Machine learning for healthcare: A bibliometric study of contributions from Africa

Houcemeddine Turki
Anastassios Pouris
Francis-Alfred
Michaelangelo Ifeanyichukwu
Catherine Namayega
Mohamed Ali Hadj Taieb
Sadiq Adewale Adedayo
Chris Fourie
Christopher Brian Currin
Atnafu Lambebo Tonja
Abraham Toluwase Owodunni
Abdulhameed Dere
Chris Chinenye Emezue
Shamsudden Hassan Muhammad
Muhammad Musa Isa
Mohamed Ben Aouicha
Preprints (2023)

Abstract

Machine learning has seen enormous growth in the last decade, with healthcare being a
prime application for advanced diagnostics and improved patient care. The application of machine learning for healthcare is particularly pertinent in Africa, where many countries are resource-scarce. However, it is unclear how much research on this topic is arising from African institutes themselves, which is a crucial aspect for applications of machine learning to unique contexts and challenges on the continent. Here, we conduct a bibliometric study of African contributions to research publications related to machine learning for healthcare, as indexed in Scopus, between 1993 and 2022. We identified 3,772 research outputs, with most of these published since 2020.

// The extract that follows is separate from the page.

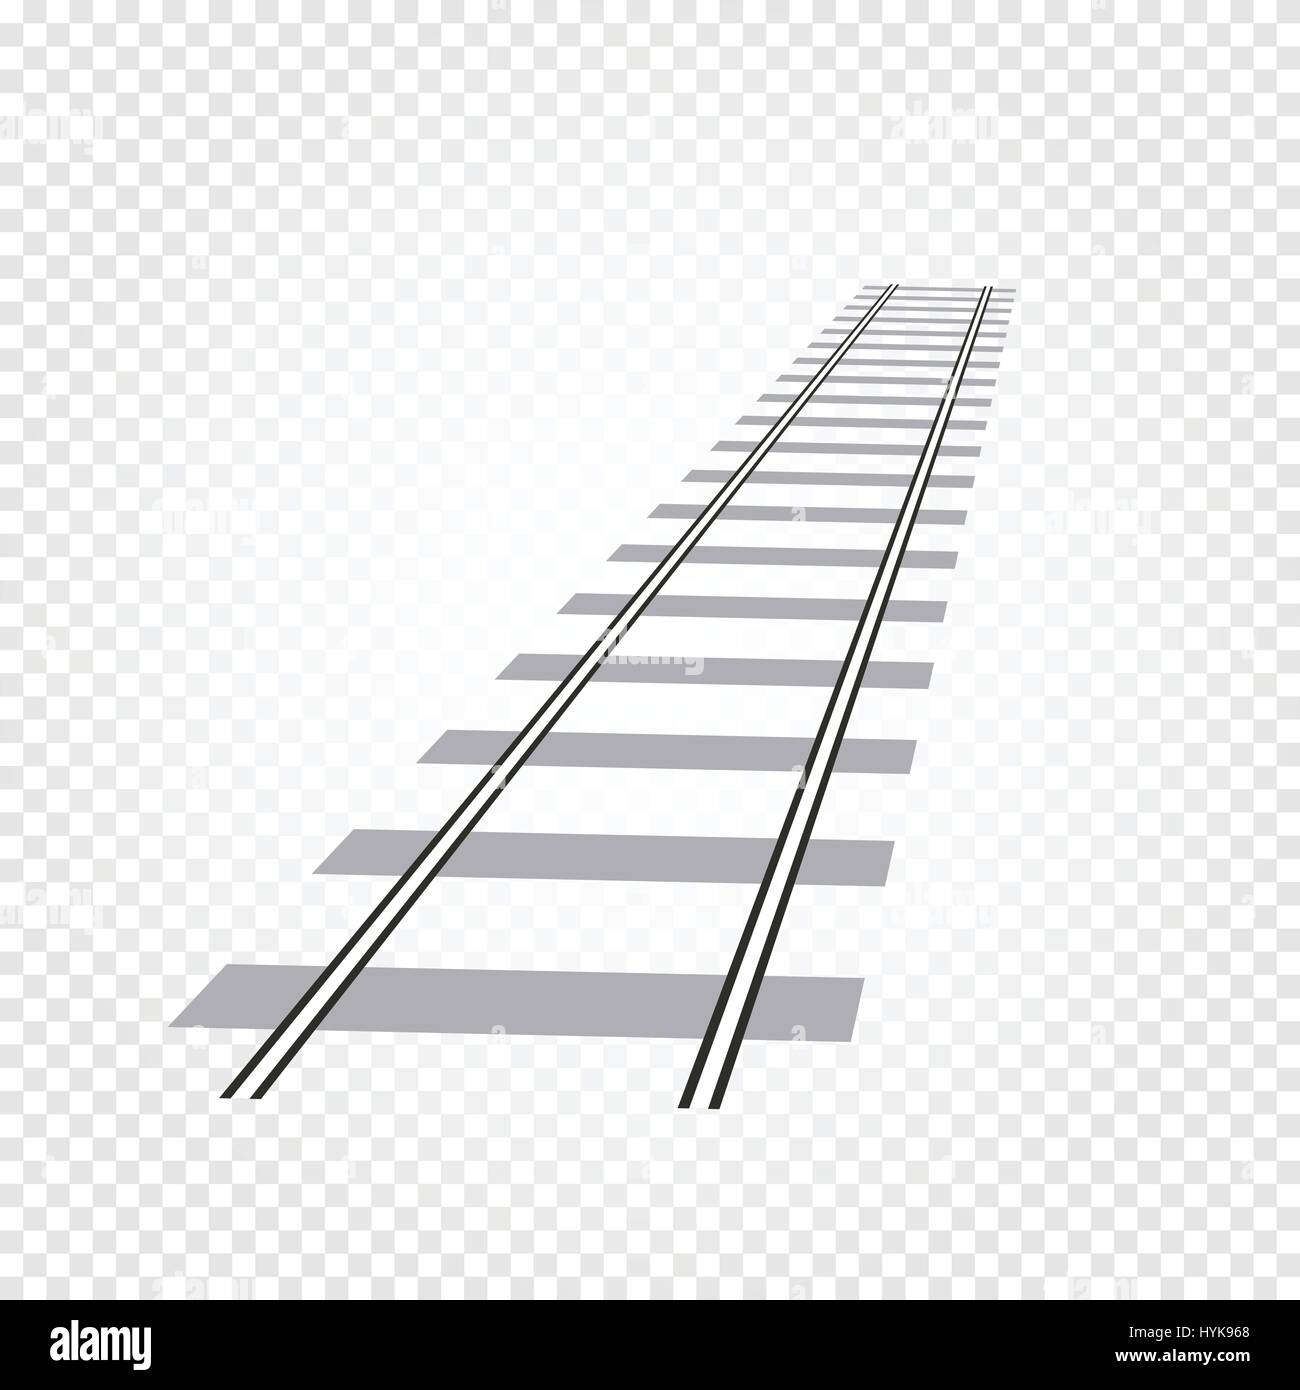 Isolated abstract grey color railway road on checkered background, ladder vector illustration Stock Vector
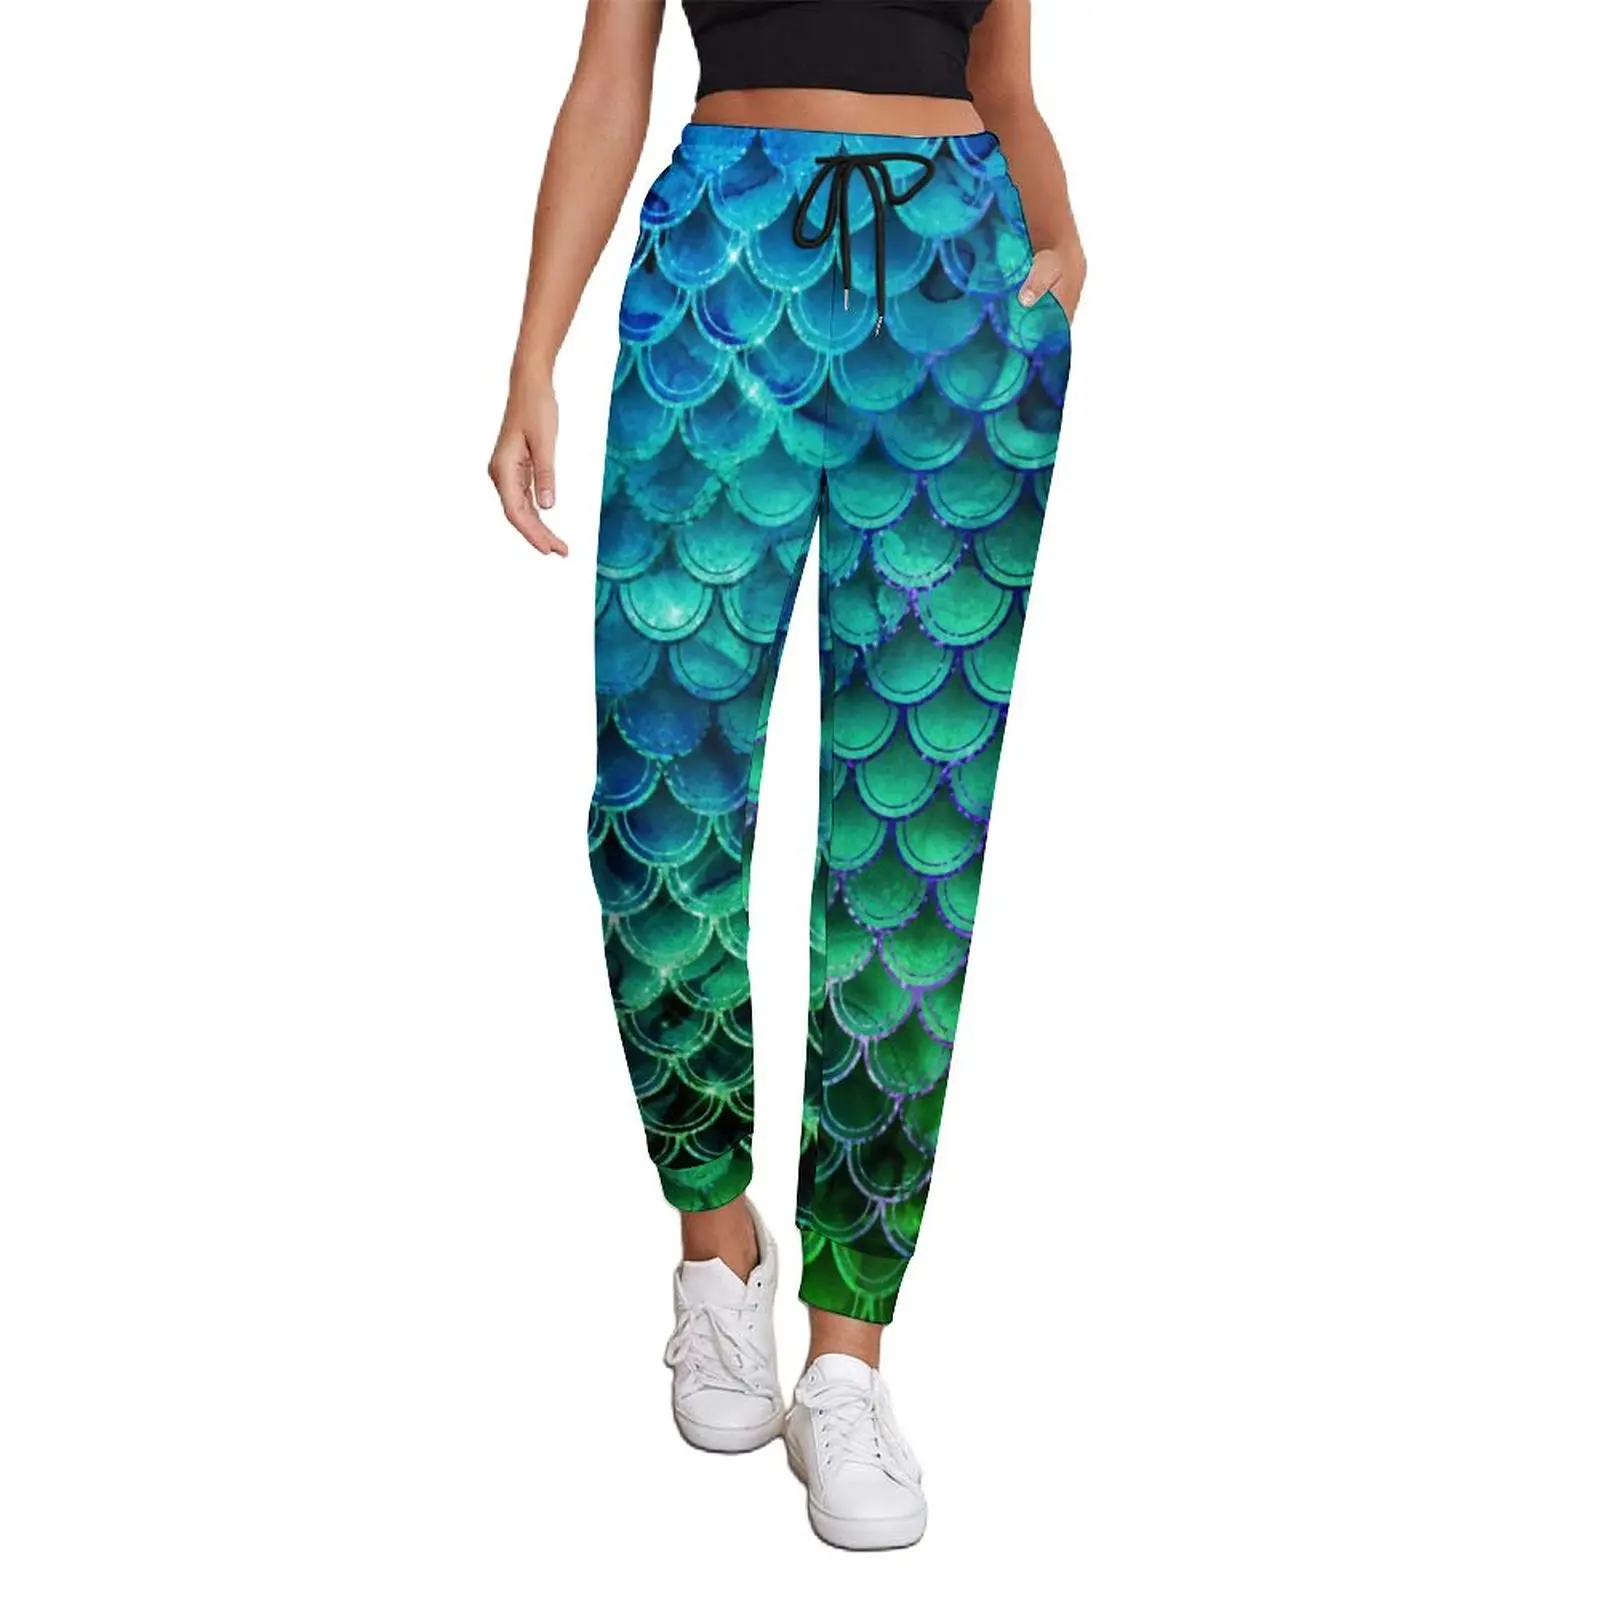 

Fish Mermaid Jogger Pants Women Blue Green Ombre Classic Sweatpants Spring Design Street Wear Big Size Trousers Birthday Gift

North African countries currently lead the way with 64.5% of publications for the reported period, yet Sub-Saharan Africa is rapidly increasing its output. We found that international support in the form of funding and collaborations is correlated with research output generally for the continent, with local support garnering less attention. Understanding African research contributions to machine learning for healthcare is a crucial first step in surveying the broader academic landscape, forming stronger research communities, and providing advanced and contextually aware biomedical access to Africa.